***** Recorded information *****
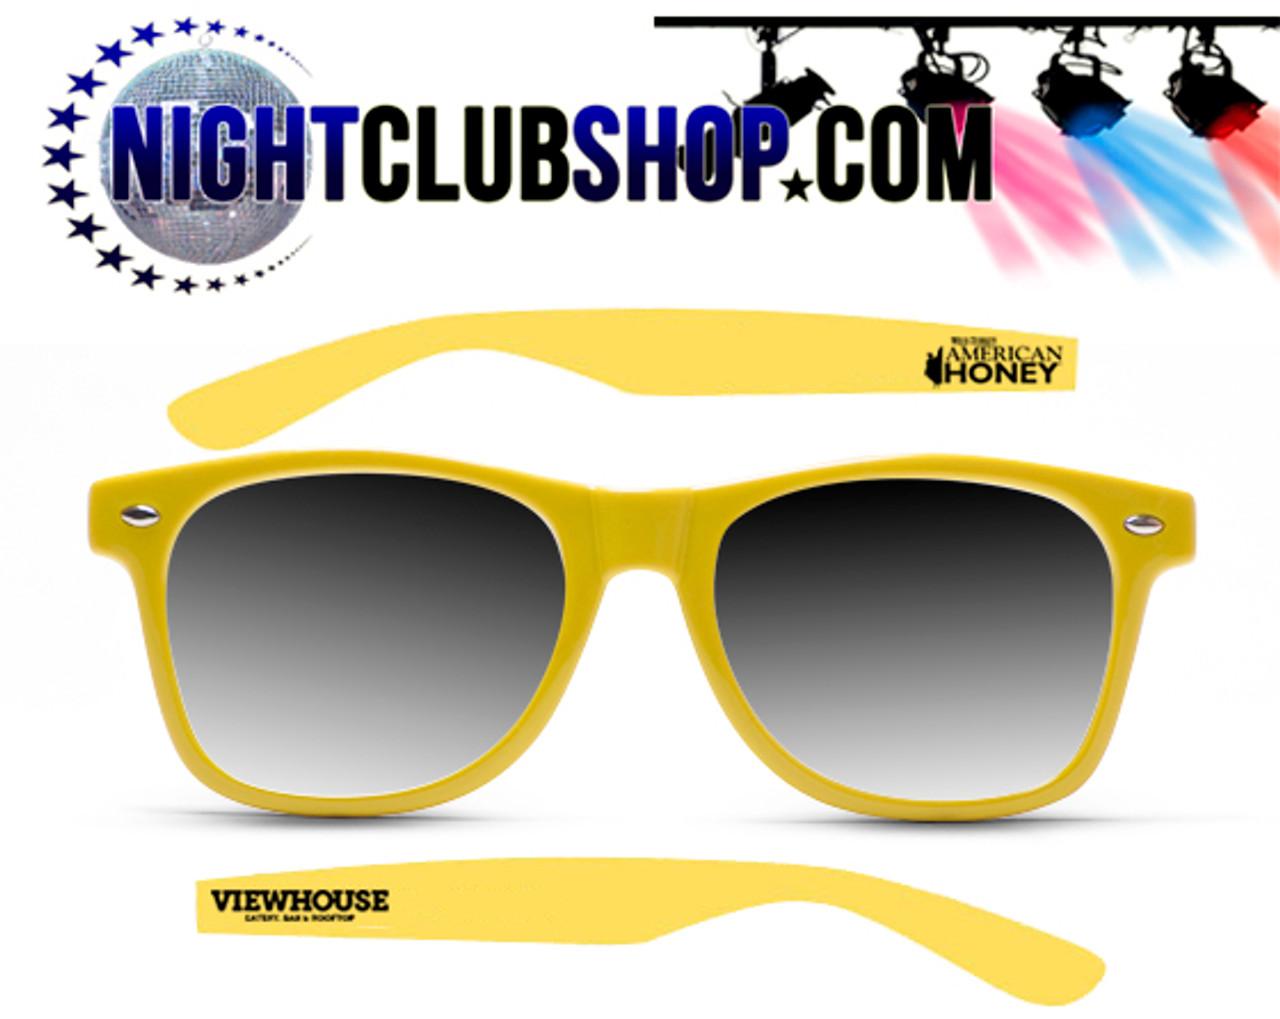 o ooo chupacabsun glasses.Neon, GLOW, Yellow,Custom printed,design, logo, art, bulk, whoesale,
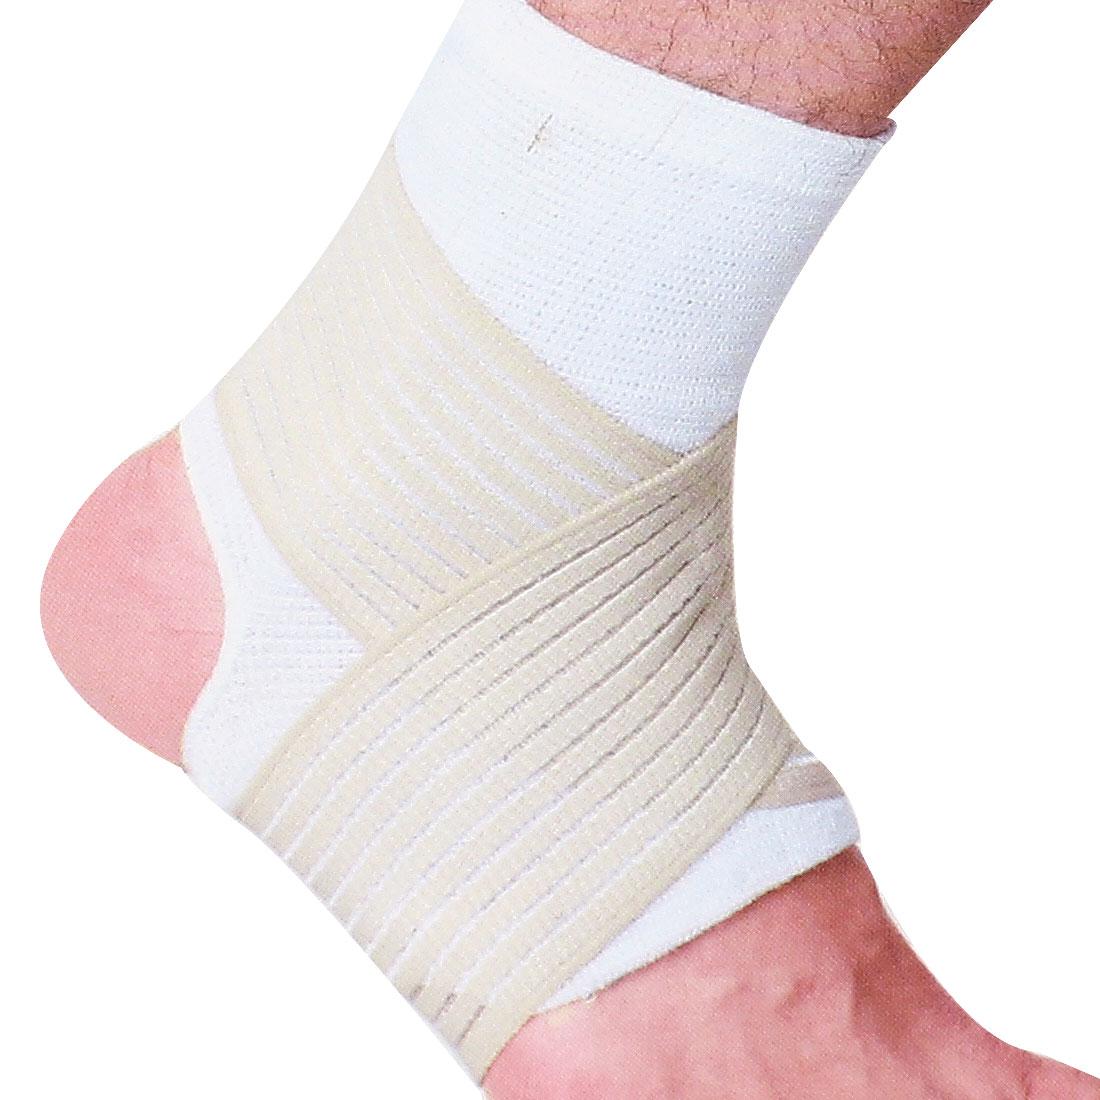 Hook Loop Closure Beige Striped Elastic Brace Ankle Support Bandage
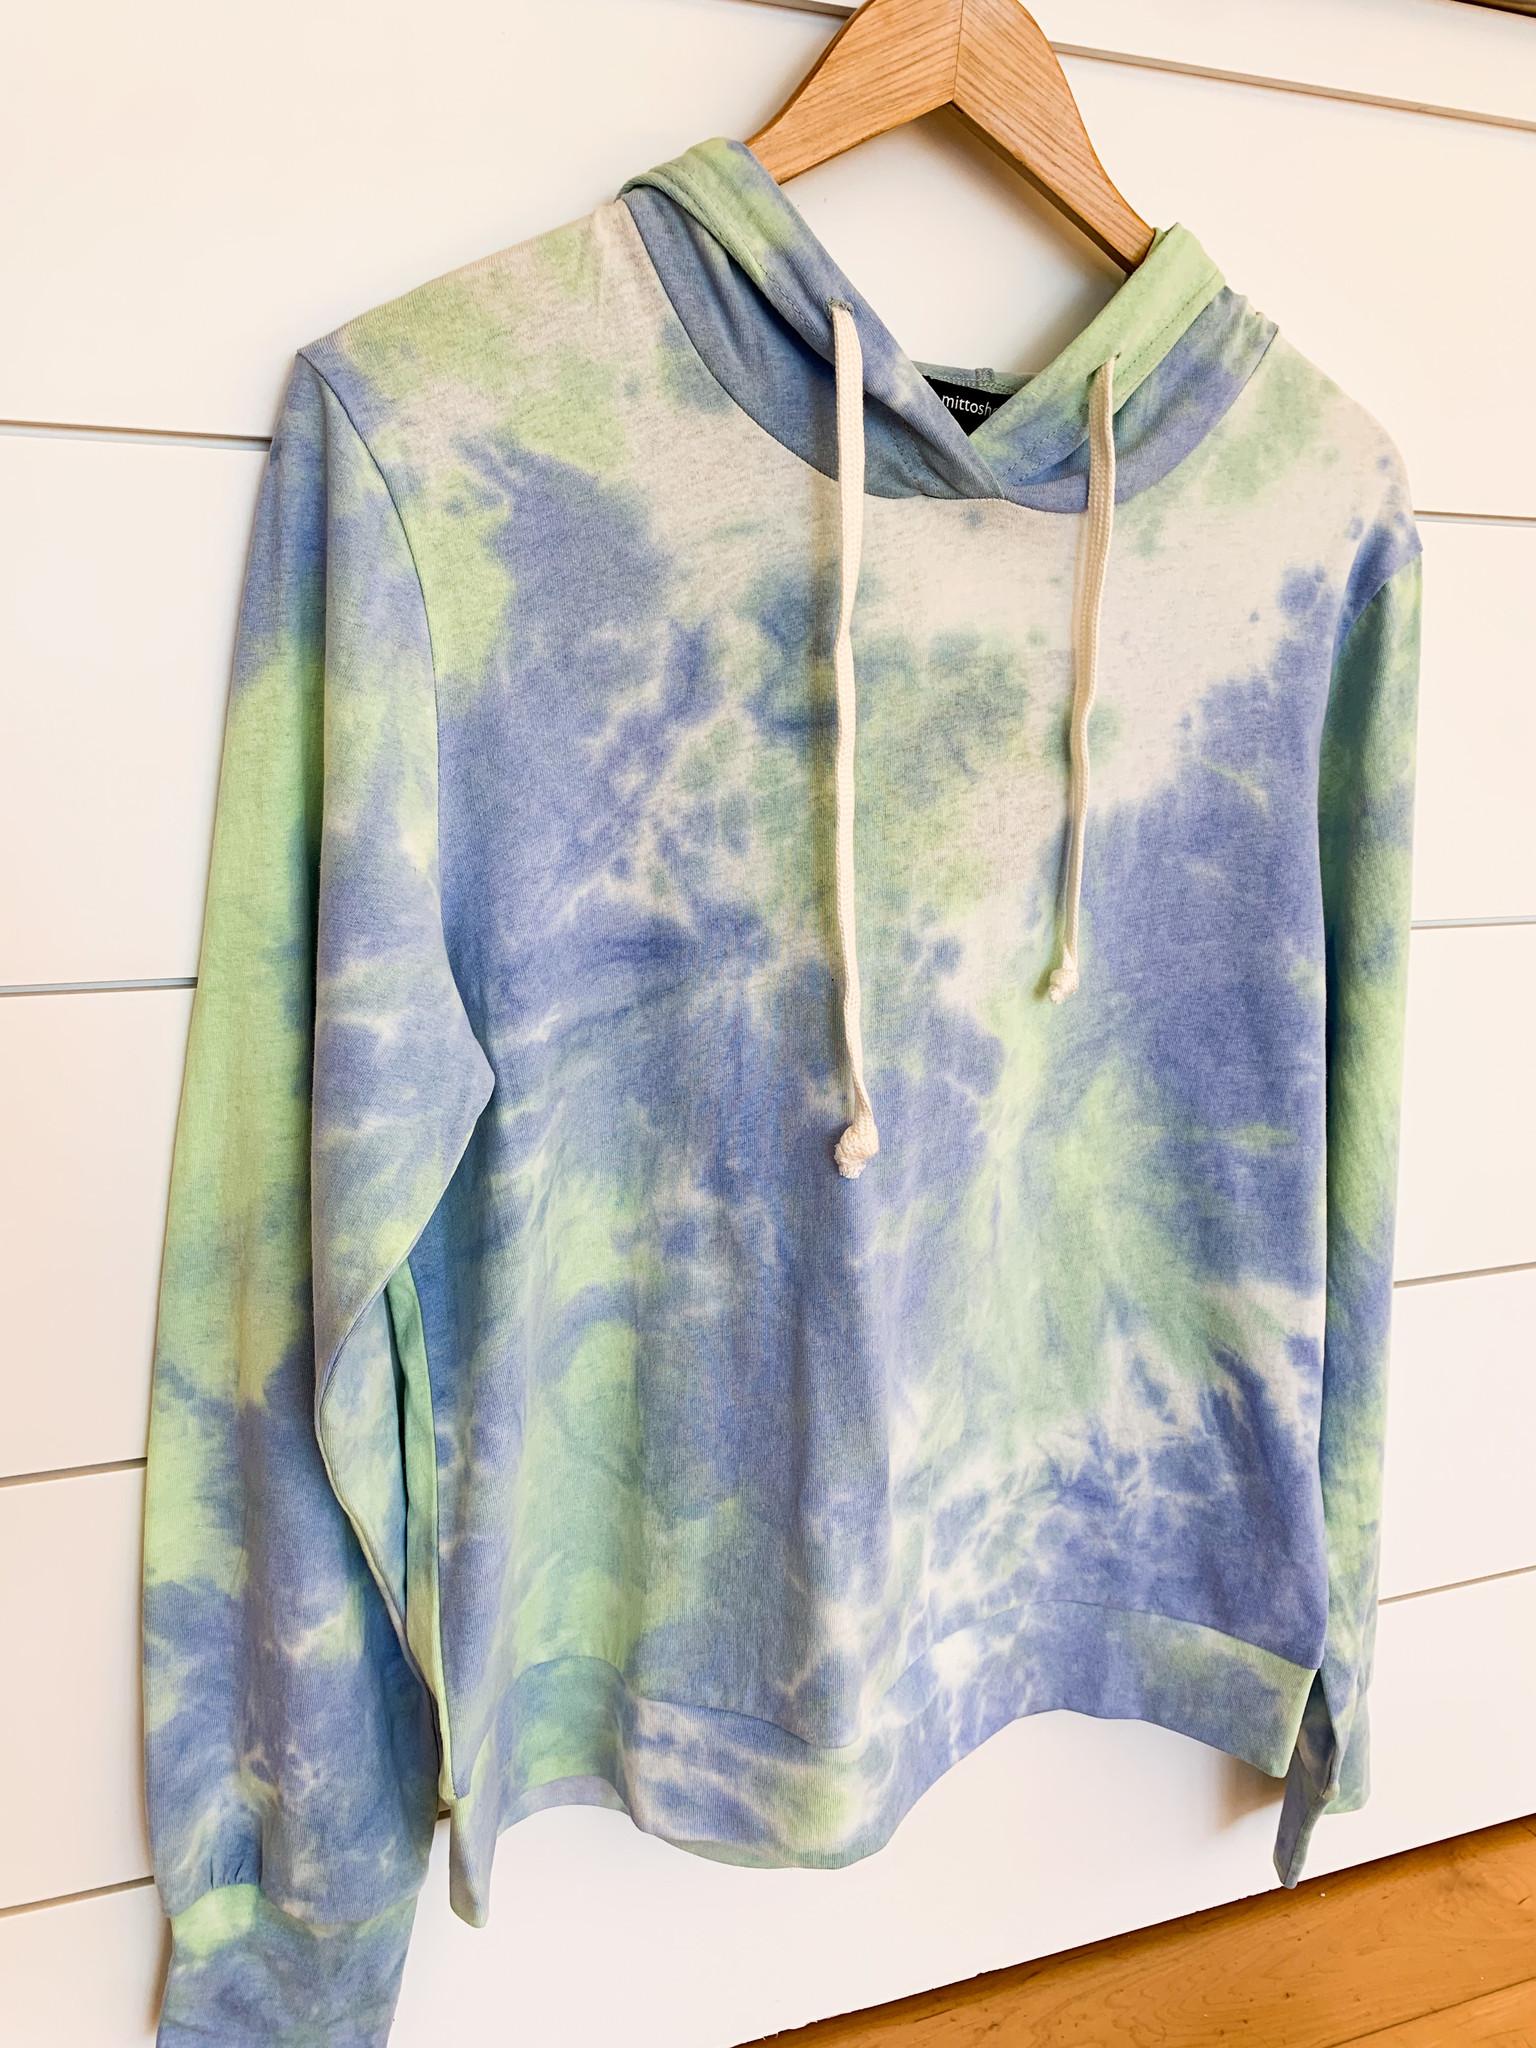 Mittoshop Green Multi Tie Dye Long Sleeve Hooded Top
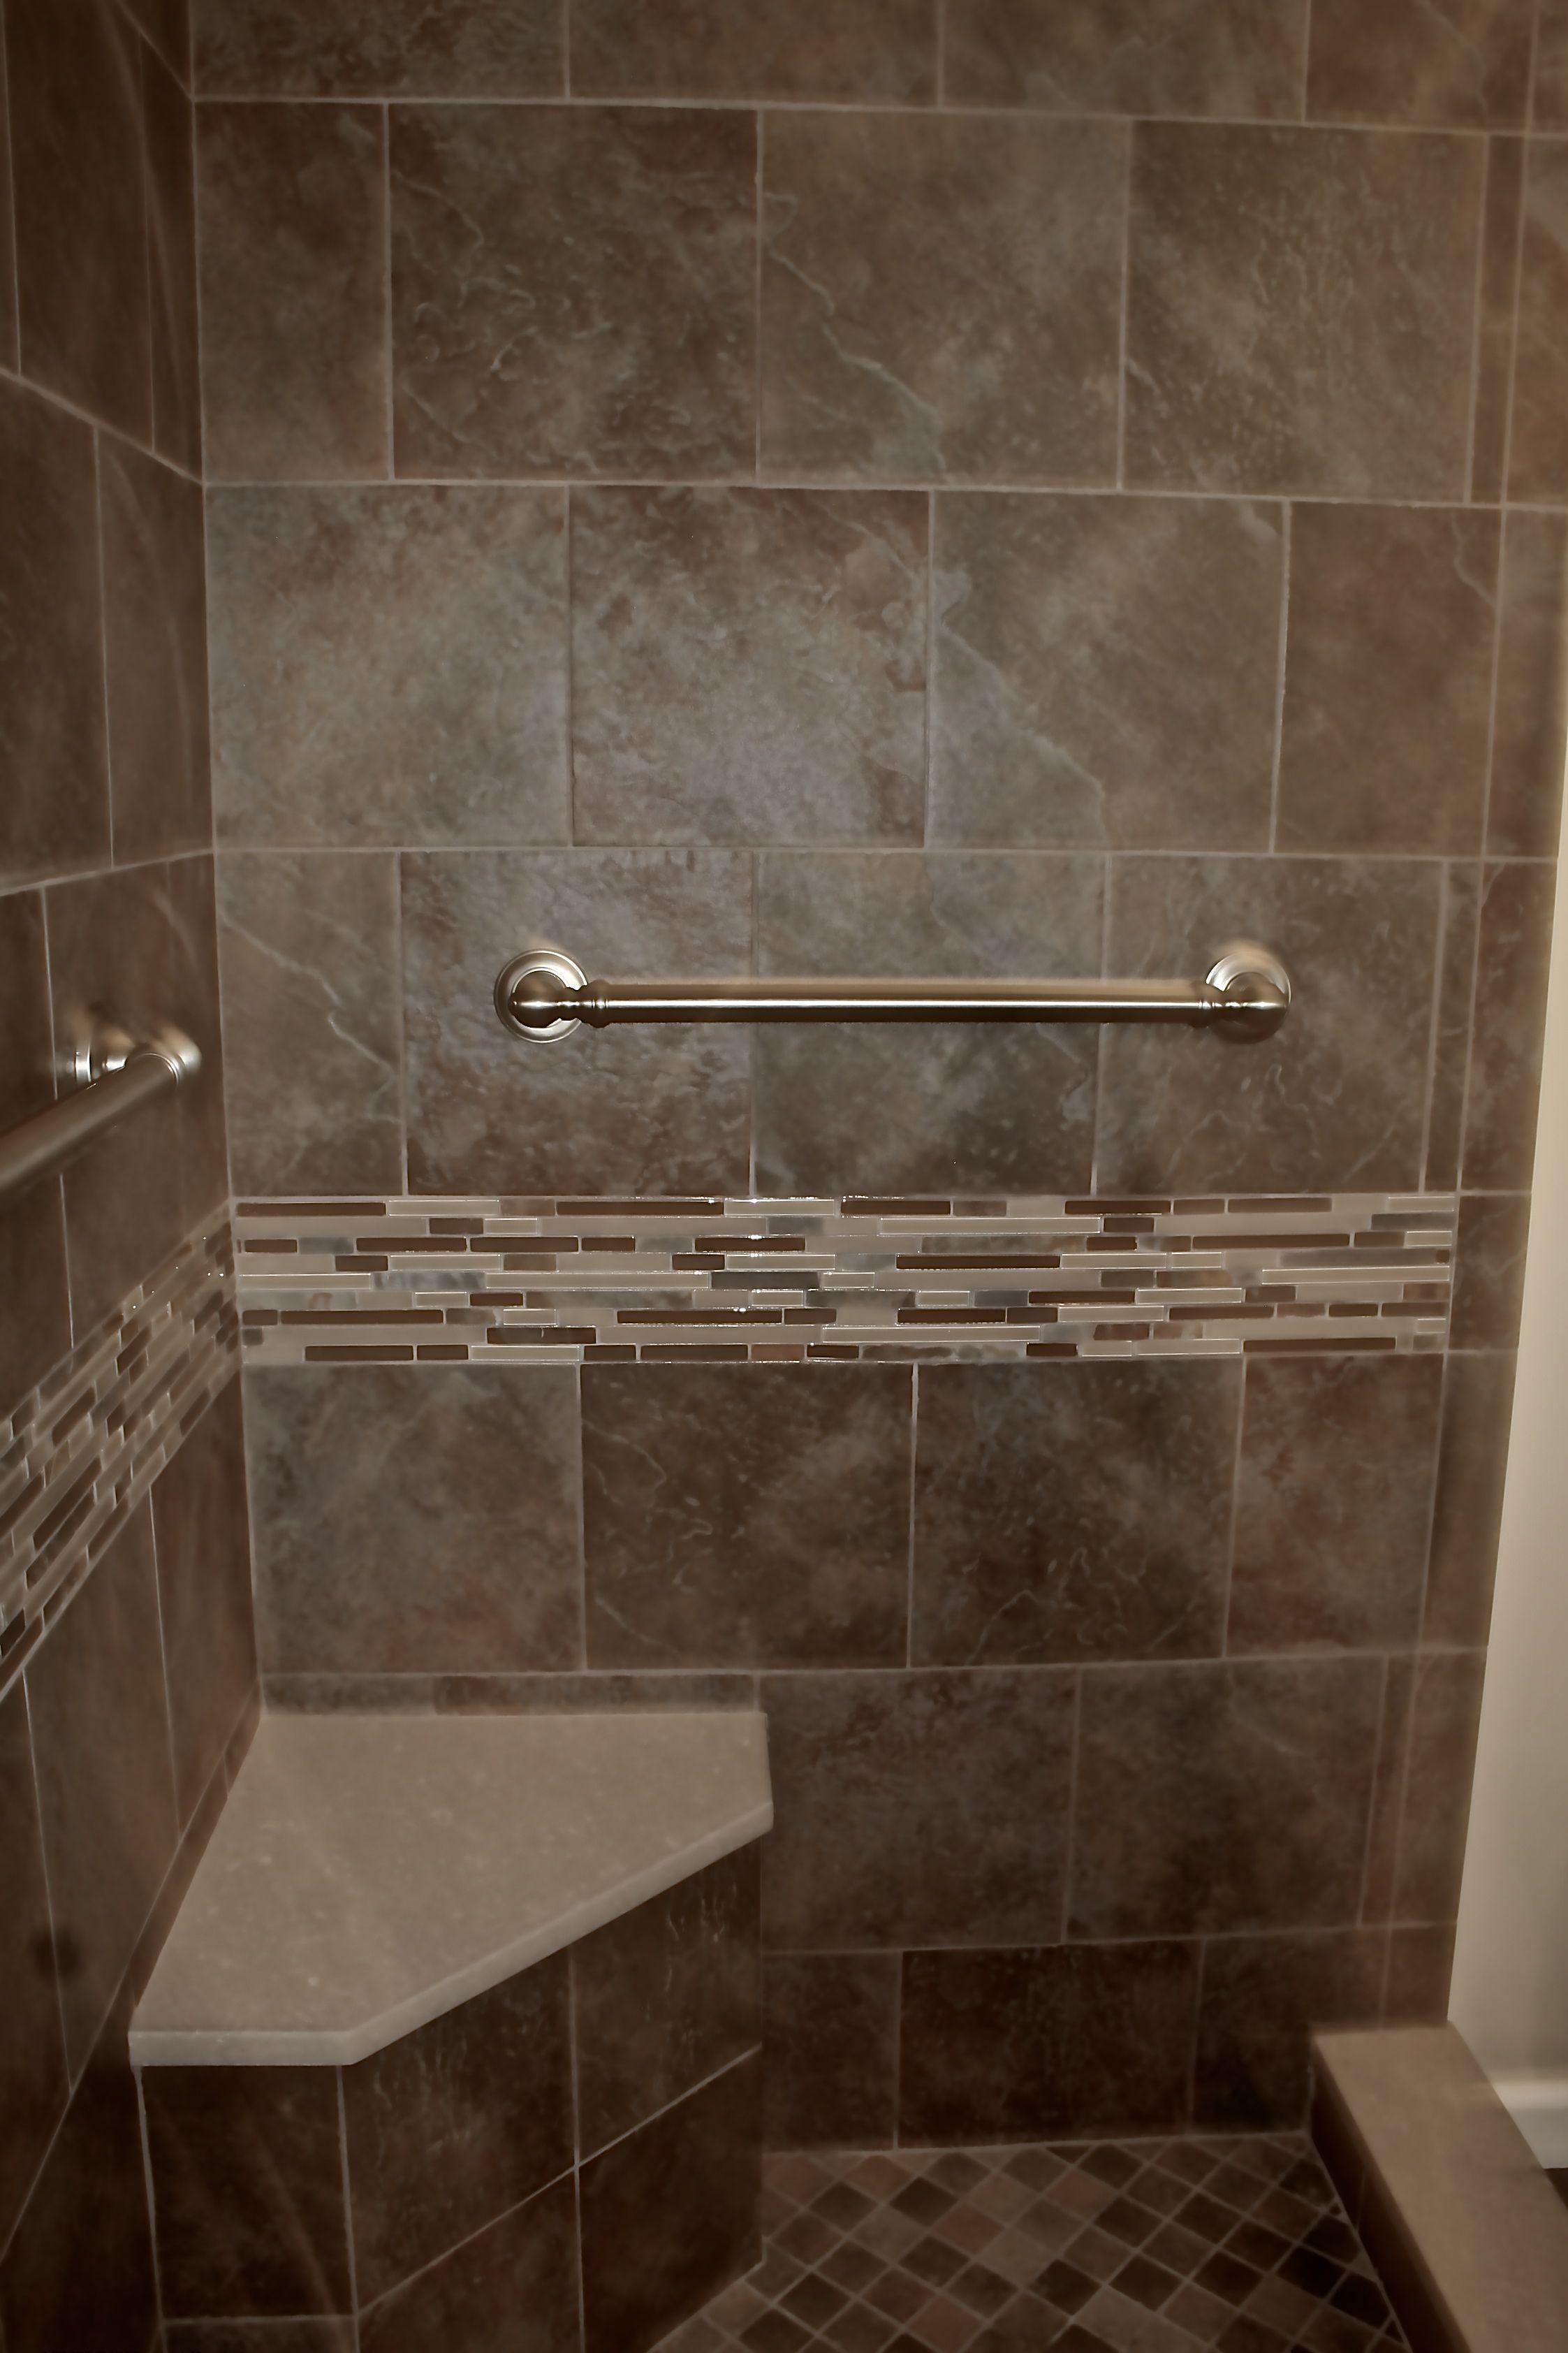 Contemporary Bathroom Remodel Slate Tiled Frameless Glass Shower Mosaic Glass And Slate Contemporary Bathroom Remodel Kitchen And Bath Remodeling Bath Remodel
*****
Work request -> Each line of the data above needs to be retyped as it is, without any picture.

Answer to the exercise ->
 o ooo chupacabsun glasses.Neon, GLOW, Yellow,Custom printed,design, logo, art, bulk, whoesale,
 Hook Loop Closure Beige Striped Elastic Brace Ankle Support Bandage
 Mittoshop Green Multi Tie Dye Long Sleeve Hooded Top
 Contemporary Bathroom Remodel Slate Tiled Frameless Glass Shower Mosaic Glass And Slate Contemporary Bathroom Remodel Kitchen And Bath Remodeling Bath Remodel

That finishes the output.